1- https://towardsdatascience.com/k-means-clustering-algorithm-applications-evaluation-methods-and-drawbacks-aa03e644b48a

2- https://towardsdatascience.com/understanding-k-means-clustering-in-machine-learning-6a6e67336aa1

3- https://www.analyticsvidhya.com/blog/2019/08/comprehensive-guide-k-means-clustering/

4- https://towardsdatascience.com/k-means-clustering-from-a-to-z-f6242a314e9a


# Case #1: Mall Customers

In this section, we will use k-means clustering to categories a mall customers based on their annual income and spending score (Spending Score is something you assign to the customer based on your defined parameters like customer behavior and purchasing data).

**Implementation**

Read the input data about mall customers which includes annual incomde (number of study hours and exam pass or fail) from the csv file (Mall_Customers_short.csv) file. Use the pandas library (https://pandas.pydata.org/) to read the data from the file.

In [0]:
import pandas as pd
df = pd.read_csv("./MachineLearning/7_kmeans/Mall_Customers_short.csv")
df.head()


To get some information about the read dataset including parameters and type of fields and features use the pandas info method

In [0]:
df.info()

To get some information about the read dataset including parameters and type of fields and features use the pandas info method

In [0]:
import matplotlib.pyplot as plt
plt.scatter(df['Annual Income'],df['Spending Score'],color = 'red', marker = '+')
plt.xlabel('Annual Income')
plt.ylabel('Spending Score')

As can be seen, the mall customers can be classified into 4 clusters. i.e visually, k should be 4 in k-means clustering algorithm.

Let us apply the k-means clustering to this dataset, we will use the 

In [0]:
from sklearn.cluster import KMeans
km = KMeans(n_clusters=4)
km.fit(df[['Annual Income','Spending Score']])

To determine the cluster of each point, use the following code

In [0]:
cluster = km.predict(df[['Annual Income','Spending Score']])

Let us add the cluster array to the dataframe

In [0]:
df['cluster'] = cluster
df.head()

Let us plot the points (features) using scatter plot but with different colors (based on their clusters)

In [0]:
df_0 = df[df['cluster'] == 0] 
df_1 = df[df['cluster'] == 1] 
df_2 = df[df['cluster'] == 2] 
df_3 = df[df['cluster'] == 3]
plt.scatter(df_0['Annual Income'],df_0['Spending Score'],color = 'red', label = 'cluster 0')
plt.scatter(df_1['Annual Income'],df_1['Spending Score'],color = 'blue', label = 'cluster 0')
plt.scatter(df_2['Annual Income'],df_2['Spending Score'],color = 'green', label = 'cluster 0')
plt.scatter(df_3['Annual Income'],df_3['Spending Score'],color = 'purple', label = 'cluster 0')
plt.xlabel('Annual Income')
plt.ylabel('Spending Score')
plt.legend()

**Is this what you expected?** 

The customers are clustered (classified) based on their **Annual Income** without considering the **Spending Score**. This is becuse of the scale of the features.
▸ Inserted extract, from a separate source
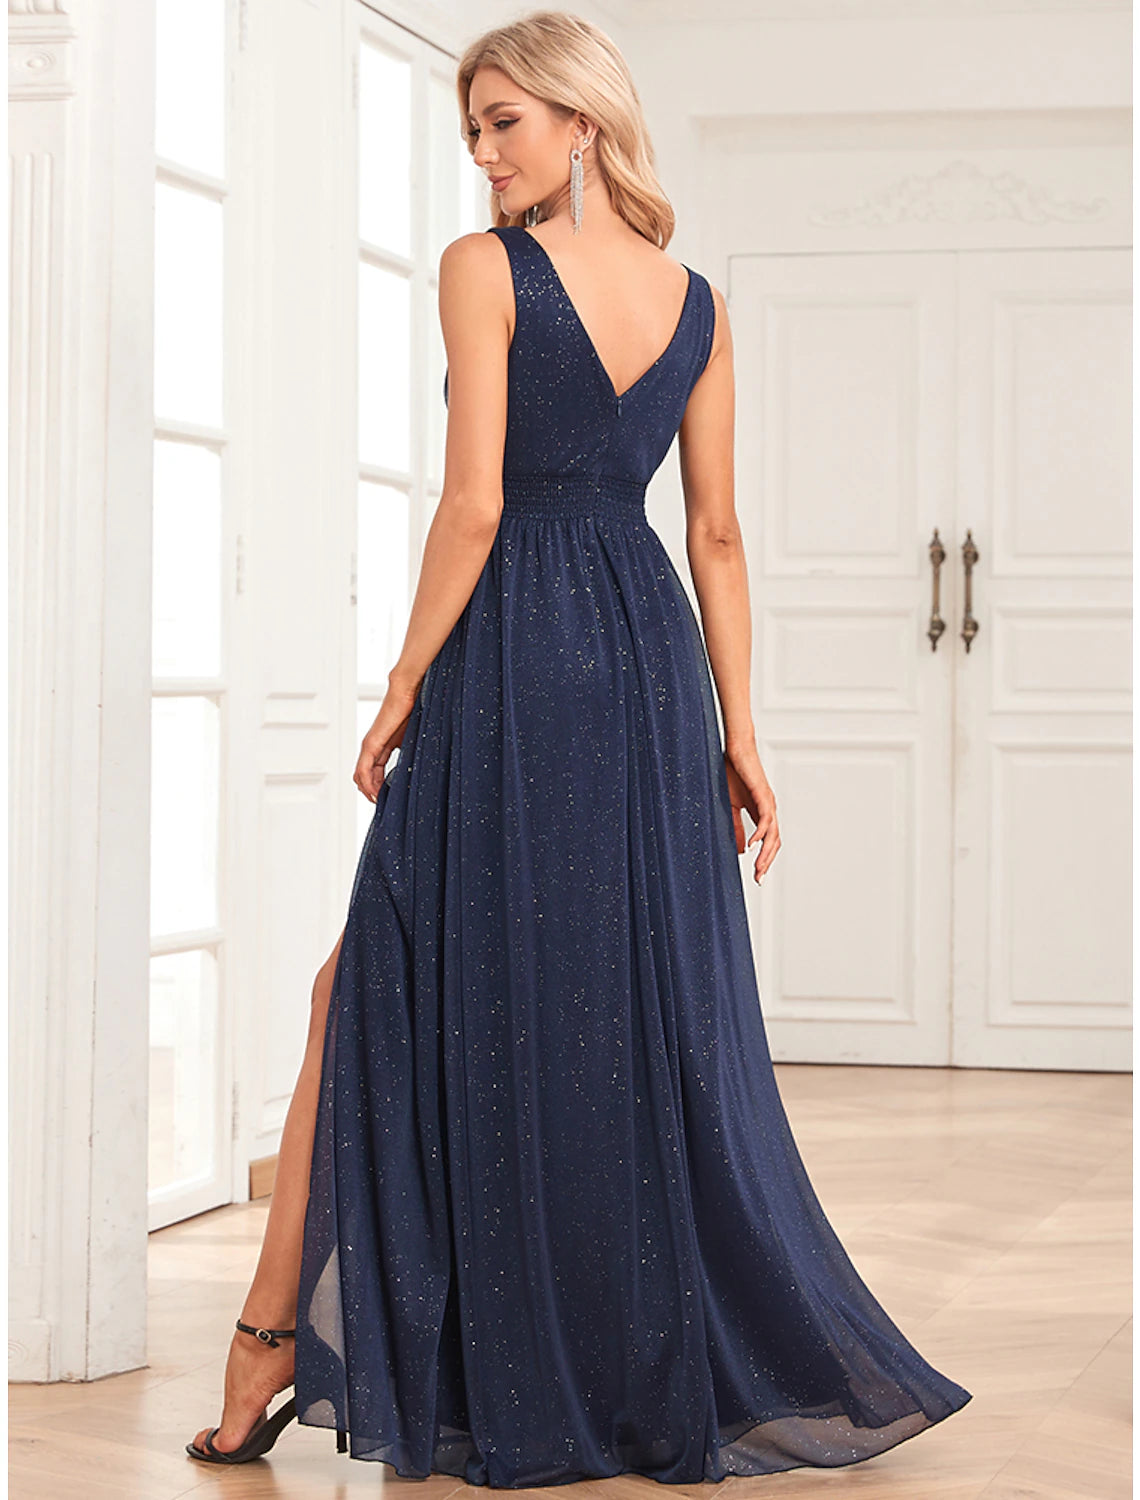 A-Line Evening Gown Empire Dress Wedding Guest Party Wear Floor Length Sleeveless V Neck Spandex V Back with Glitter Slit

The range of annual income is much higher (in 1000 units) as compared to Spending Score (0 - 100). To deal with this, we need to scale features as we did in a previous tutorial. However, this time we will use the MinMaxScaler method in sklearn library. We will first scale the **Annual Income** as follows:


In [0]:
from sklearn.preprocessing import MinMaxScaler
scaler = MinMaxScaler()
scaler.fit(df[['Annual Income']])
print('scaler.min_ = {}'.format(scaler.min_)) #Per feature adjustment for minimum. Equivalent to min - X.min(axis=0) * self.scale_
print('scaler.scale_ = {}'.format(scaler.scale_)) #Per feature relative scaling of the data. Equivalent to (max - min) / (X.max(axis=0) - X.min(axis=0))
print('scaler.data_range_ = {}'.format(scaler.data_range_)) #Per feature range (data_max_ - data_min_) seen in the data
df['Scaled Annual Income'] = scaler.transform(df[['Annual Income']])
df.head()

Now, we will scale the **Spending Score** as follows:

In [0]:
scaler.fit(df[['Spending Score']])
print('scaler.min_ = {}'.format(scaler.min_)) #Per feature adjustment for minimum. Equivalent to min - X.min(axis=0) * self.scale_
print('scaler.scale_ = {}'.format(scaler.scale_)) #Per feature relative scaling of the data. Equivalent to (max - min) / (X.max(axis=0) - X.min(axis=0))
print('scaler.data_range_ = {}'.format(scaler.data_range_)) #Per feature range (data_max_ - data_min_) seen in the data
df['Scaled Spending Score'] = scaler.transform(df[['Spending Score']])
df.head()

After features scalling, we will apply k-means clustering again to the scalled features as follows:

In [0]:
Scaled_cluster = km.fit_predict(df[['Scaled Annual Income','Scaled Spending Score']])
df['Scaled Cluster'] = Scaled_cluster
df.head()

Let us plot the scalled points (features) using scatter plot but with different colors (based on their new clusters)

In [0]:
df_s0 = df[df['Scaled Cluster'] == 0] 
df_s1 = df[df['Scaled Cluster'] == 1] 
df_s2 = df[df['Scaled Cluster'] == 2] 
df_s3 = df[df['Scaled Cluster'] == 3]
plt.scatter(df_s0['Scaled Annual Income'],df_s0['Scaled Spending Score'],color = 'red', label = 'cluster 0')
plt.scatter(df_s1['Scaled Annual Income'],df_s1['Scaled Spending Score'],color = 'blue', label = 'cluster 1')
plt.scatter(df_s2['Scaled Annual Income'],df_s2['Scaled Spending Score'],color = 'green', label = 'cluster 2')
plt.scatter(df_s3['Scaled Annual Income'],df_s3['Scaled Spending Score'],color = 'purple', label = 'cluster 3')
plt.xlabel('Scaled Annual Income')
plt.ylabel('Scaled Spending Score')
plt.legend()

We can also idetify the centroids and plot them on the scatter plot as

In [0]:
km.cluster_centers_

In [0]:
df_s0 = df[df['Scaled Cluster'] == 0] 
df_s1 = df[df['Scaled Cluster'] == 1] 
df_s2 = df[df['Scaled Cluster'] == 2] 
df_s3 = df[df['Scaled Cluster'] == 3]
plt.scatter(df_s0['Scaled Annual Income'],df_s0['Scaled Spending Score'],color = 'red', label = 'cluster 0')
plt.scatter(df_s1['Scaled Annual Income'],df_s1['Scaled Spending Score'],color = 'blue', label = 'cluster 1')
plt.scatter(df_s2['Scaled Annual Income'],df_s2['Scaled Spending Score'],color = 'green', label = 'cluster 2')
plt.scatter(df_s3['Scaled Annual Income'],df_s3['Scaled Spending Score'],color = 'purple', label = 'cluster 3')
plt.scatter(km.cluster_centers_[:,0],km.cluster_centers_[:,1],color = 'black', marker = '*', label = 'Centroids', s =80)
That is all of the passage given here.